Because of assurances that the GR TWP had no interest in an exclusive use arrangement, FRL moved forward with a suit. We hoped GR TWP would simply exercise their authority as steward of public property to resolve the situation simply. It was curious that they failed to do so. Legal precedent did allow for the FRL lawyer to “interplead” the township and call the supervisor forward in the court to at least go on record and admit ownership. This would in turn allow the court to proceed with a “declaration” that the land is indeed owned publicly. And then in turn, this would empower the court to make the necessary “injunction” that the WPA cease hostile and exclusive habitation of this public area. It was interesting that GR TWP wouldn’t avoid this entire process by making a simple phone call to the WPA to remind them this is public property. Instead, just as the court date was nearing, the township did a very curious thing to end the viability of the FRL case against the WPA. They entered into sudden and mysterious contractual leasing agreement with the WPA for $1100 / year.
Regarding FRL, this abruptly ended their case because this new lease ended the grounds by which the court could intervene. The court could no longer intervene now that the Township took an active and protective interest on behalf of the WPA. This required a withdrawal of the lawsuit and furthermore, the law requires that any official member of FRL can no longer be involved in a similar future case.

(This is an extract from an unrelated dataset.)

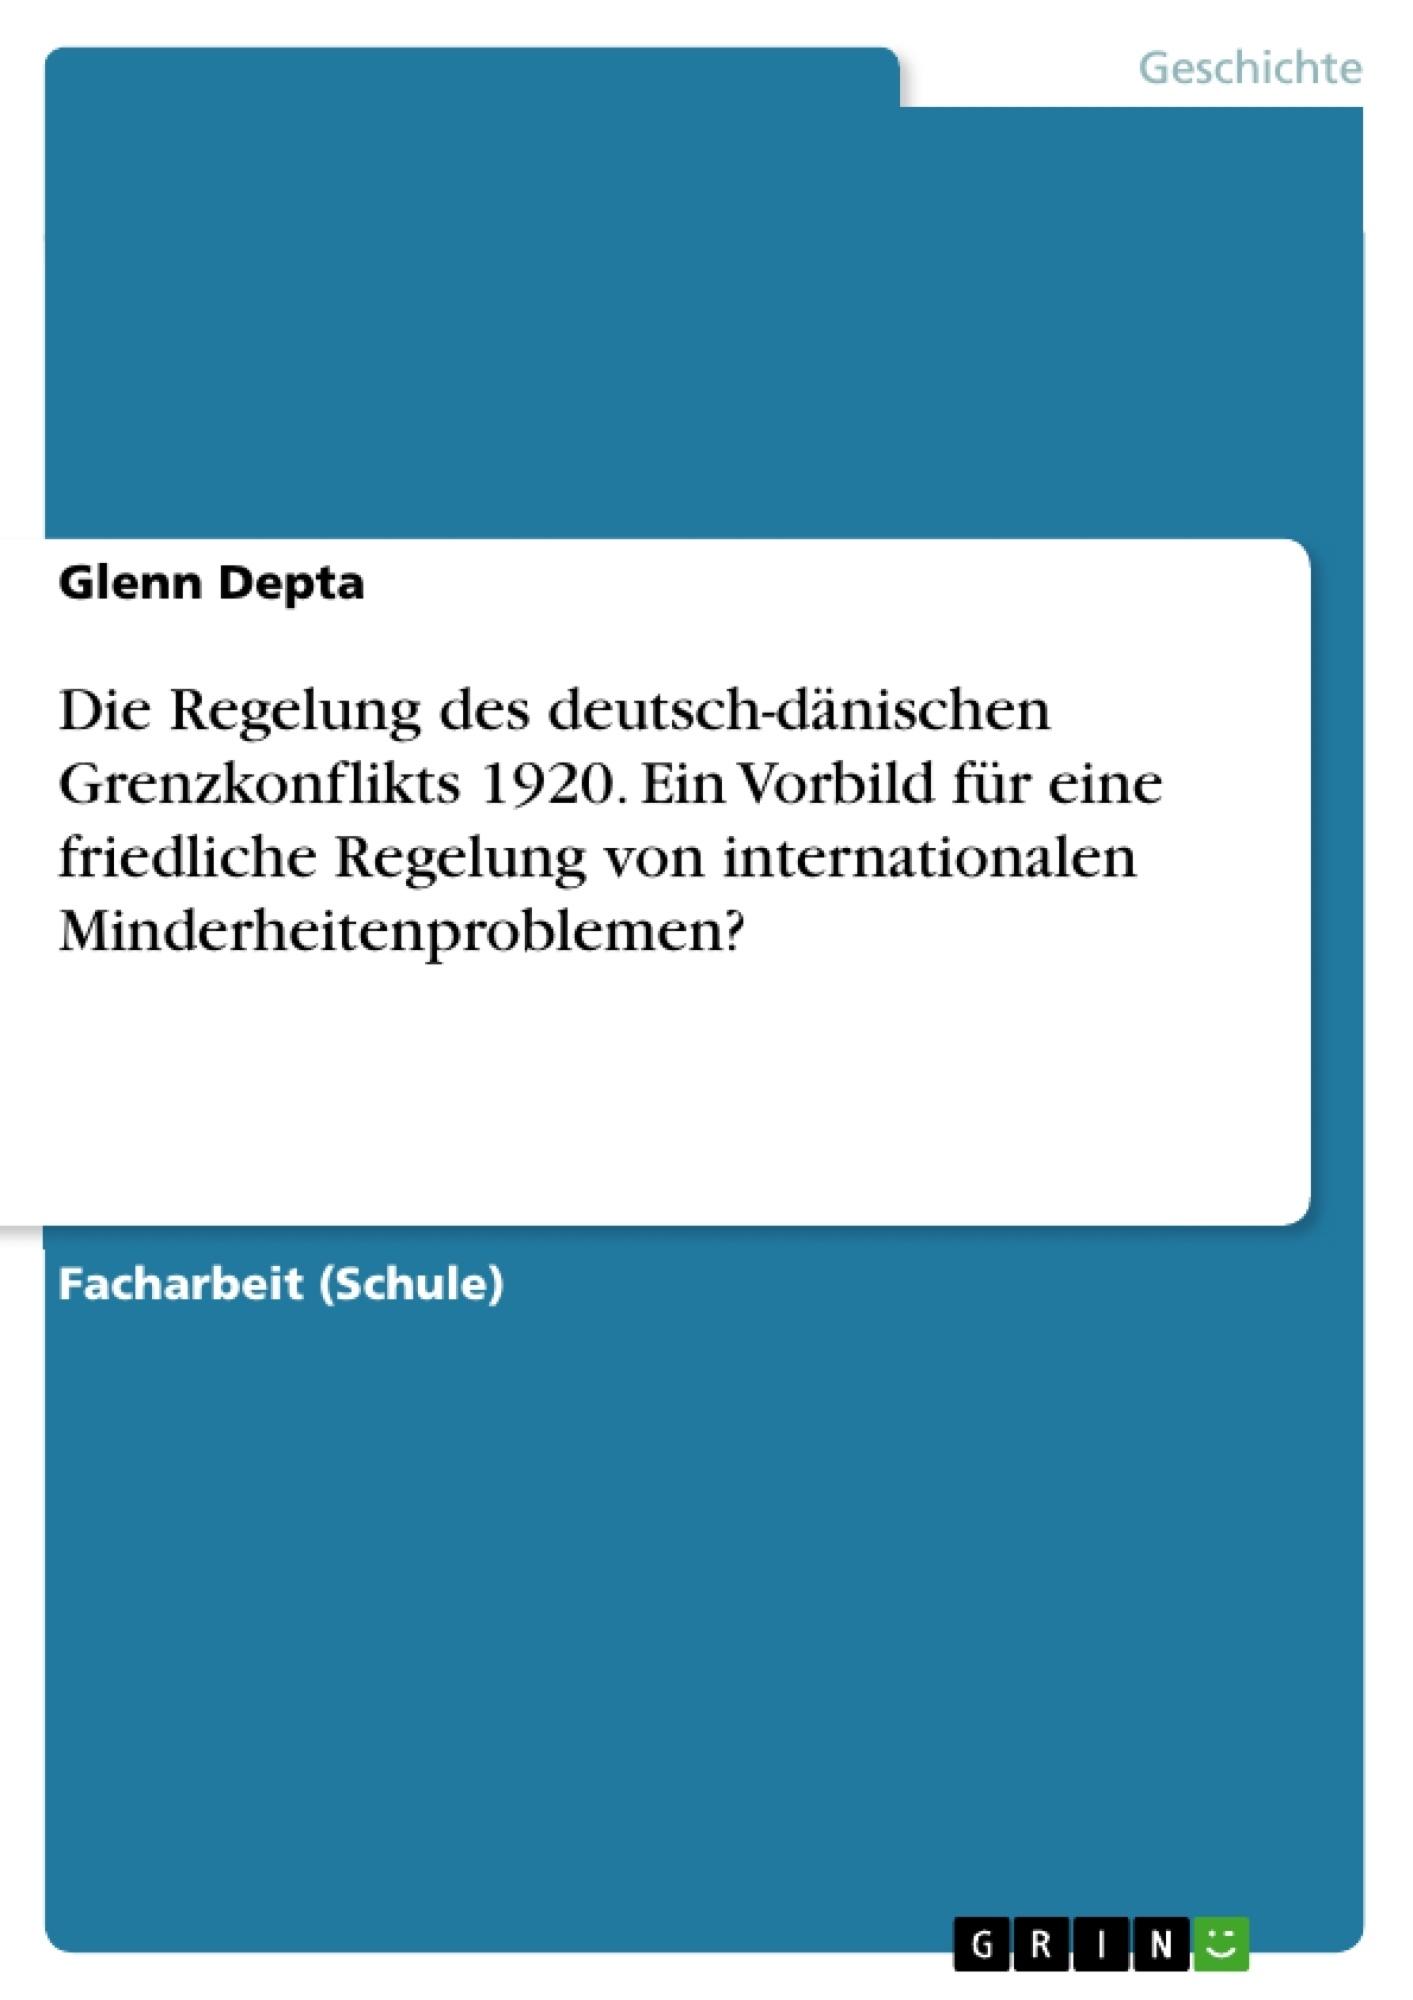 Titel: Die Regelung des deutsch-dänischen Grenzkonflikts 1920. Ein Vorbild für eine friedliche Regelung von internationalen Minderheitenproblemen?

However, one very interesting thing occurred in this transaction. In making the lease agreement, the WPA has no possible grounds to make an argument of adverse posession. While this was largely a concocted feint to which the township pretended to yield, it nonetheless was a situation that could have cost a lot of money to contest and prove unviable. The WPA would likely have gummed this up in court for years hoping to exhaust FRL funds.
Now the WPA lacks all possible grounds for even the most basic principles of an adverse posession claim. They have conceded they do not “posess” it by virtue of leasing it. While the park is not “free” yet, we are one large step closer. The township can no longer hide behind the facade that they fear an adverse possession suit. The simplest path to freeing this park for public use would be to simply petition the Grand Rapids Township board to NOT renew the lease in 2013. If there is public desire for this the township could not pretend to fear the outcome if they didn’t renew it. It is our communal property and they are stewards charged with acting in public interest. However, barring this simple outcome, the other option is for residents of Grand Rapids Township to pursue this in court. A future case would no longer be made against the WPA but now interest would be directed toward the township.
It is the strong opinion of lawyers who have assessed the situation that a case of collusion can be made against the Grand Rapids Township. What currently stands is a lease contract between the WPA and the Township that ends in 2013. This in itself is not illegal – governments lease to private groups all the time. What is quite likely illegal is that it occurred in a cloaked manner and against strong public opposition. Furthermore it was not a lease opportunity offered equally to competing parties nor was it offered at a value that represents the public’s interest monetarily. Other taxpayers have been barred from using property they own without due process and without fair compensation. Furthermore, a select few have been awarded a limited public resource with the opportunity to independently govern this public property for their own privatized financial gain. There is a simple and strong legal case to be made against the Grand Rapids Township and it will simply take a leader within the Grand Rapids Township community to collect interest and bring it forward.